Réactions d'Émile Zola
Le 17 juillet, Le Gaulois publie l'annonce de la mort d'Edmond de Goncourt en première page. L'article s'ouvre par la dépêche signée Alphonse Daudet pour annoncer la mort, chez lui à Champrosay, de son ami écrivain : « Edmond de Goncourt mort subitement cette nuit, Champrosay, congestion pulmonaire. »
Aussitôt, le journal a envoyé sur place un de ses journalistes afin de connaître tous les détails de cette mort subite. Il est immédiatement introduit dans la chambre morturaire, dans laquelle Madame Daudet veille le mort, dont le lit sur lequel il repose, est parsemé de roses.
Après ce reportage sur place, le journal s'intéresse au testament de Goncourt et, notamment, à la fortune qu'il devait léguer pour la fondation de son Académie. Parmi les dix futurs académiciens, circulent les noms de Daudet, Zola, Cladel, Bourget et Loti.
Dans le même temps, un journaliste se rend chez Émile Zola, à Médan, afin de recueillir ses premières réactions à l'annonce de la mort de son ami. Il se rappelle l'avoir vu, trois semaines auparavant, lors d'un banquet donné en l'honneur de l'éditeur Eugène Fasquelle, à l'occasion de sa Légion d'honneur.

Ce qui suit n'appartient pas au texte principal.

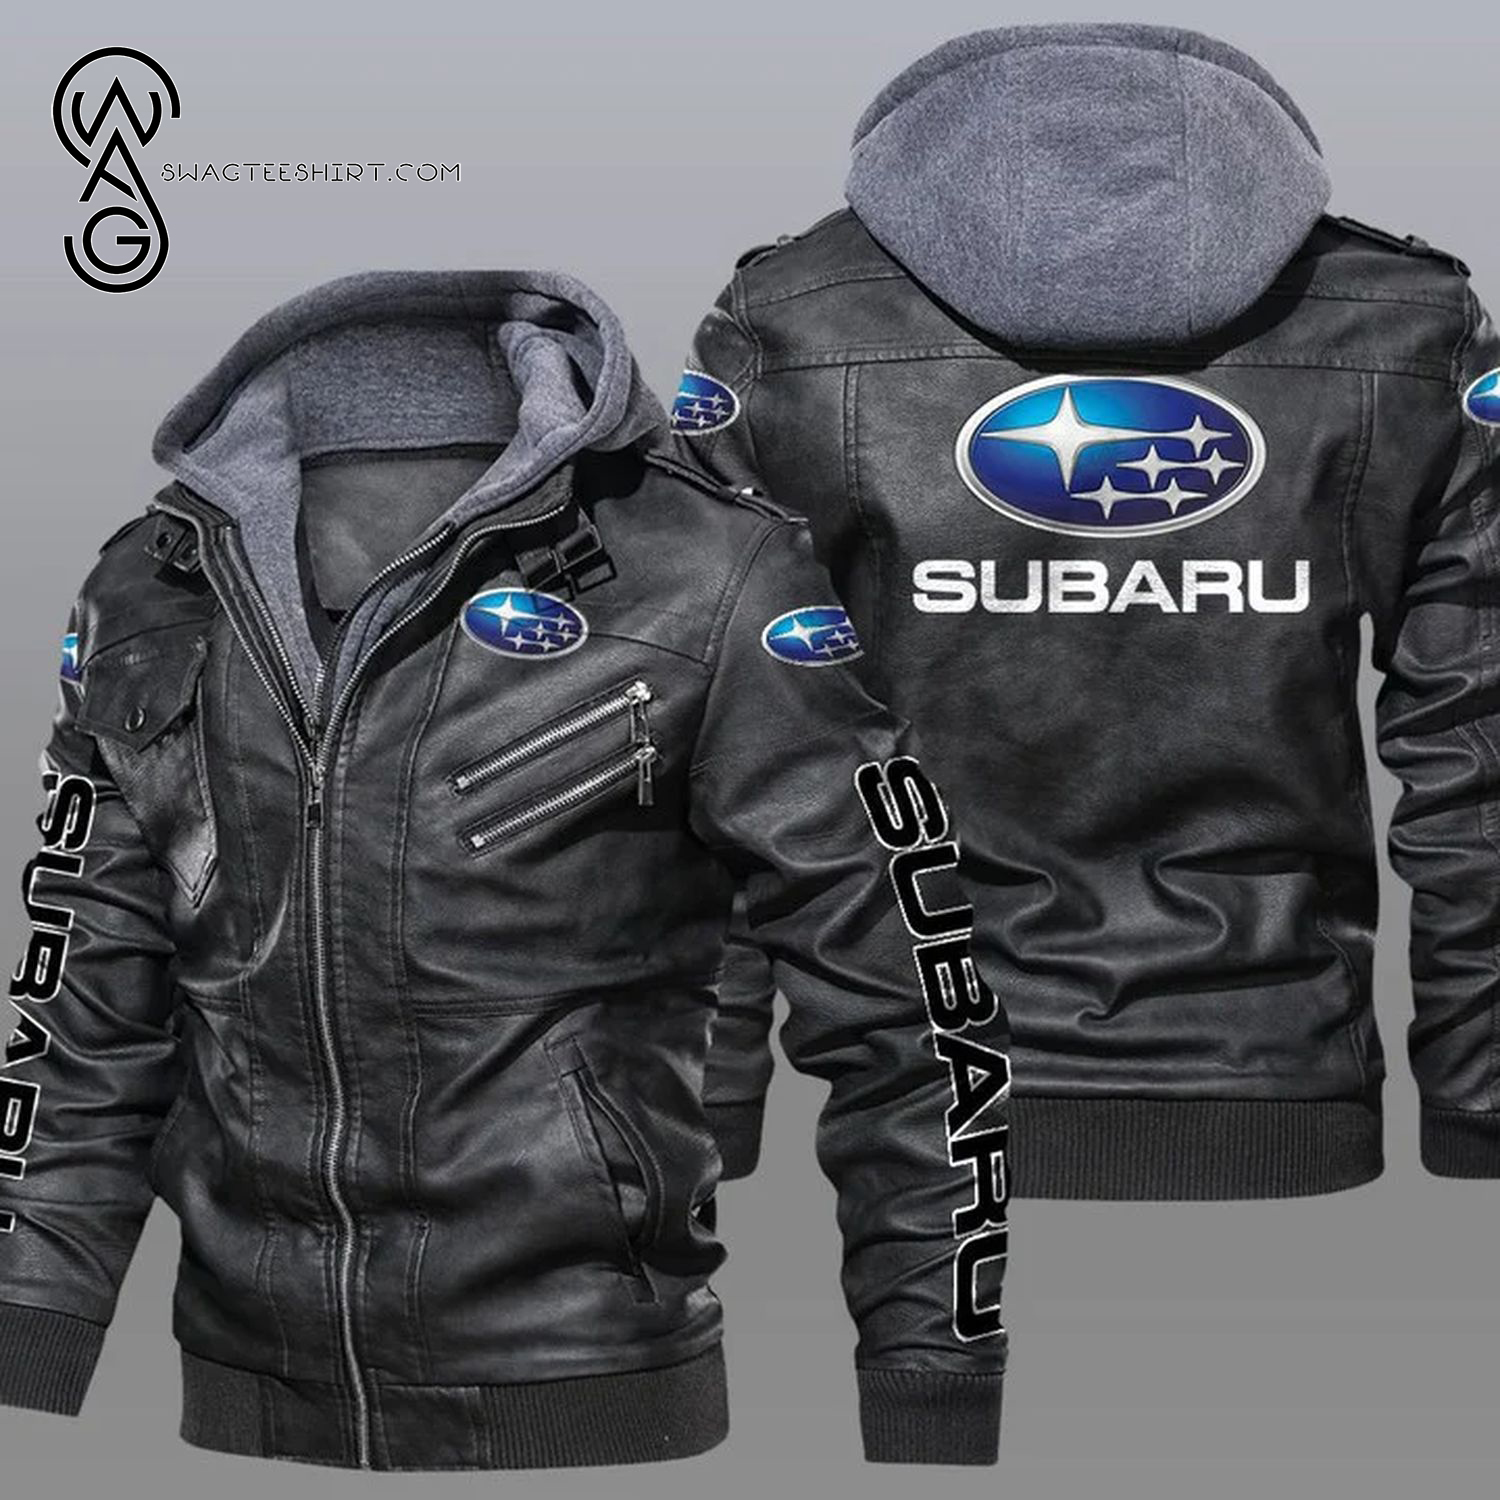 Subaru Car Leather Jacket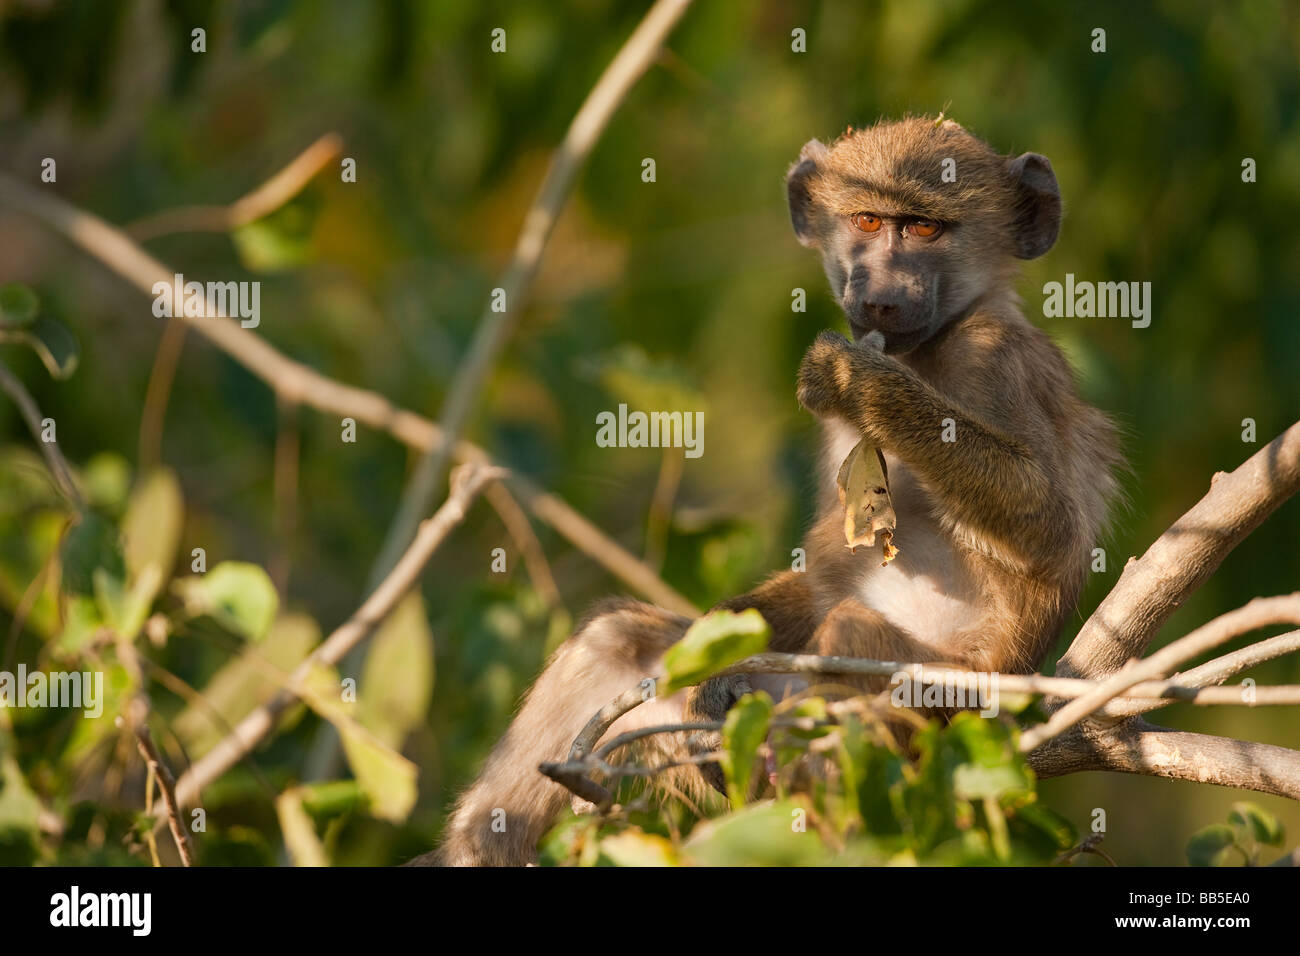 Carino africano espressiva spider monkey seduta nella struttura ad albero vicino accesa da morbida luce calda grandi occhi spalancati il contatto visivo e giocare con bastone Foto Stock

Très ému, le romancier se garde bien de trop s'épancher mais, sur l'insistance du journaliste, il évoque quelques souvenirs anciens, lorsqu'il allait déjeuner chez les frères Goncourt, dans leur maison d'Auteuil. Il se souvient du Goncourt collectionneur d'art du XVIIIe siècle, passion qui tira Goncourt de la souffrance dans laquelle l'avait laissé la mort de son jeune frère. Zola prononce ainsi cette phrase recueillie par le journaliste : « La maison avait sauvé l'écrivain. »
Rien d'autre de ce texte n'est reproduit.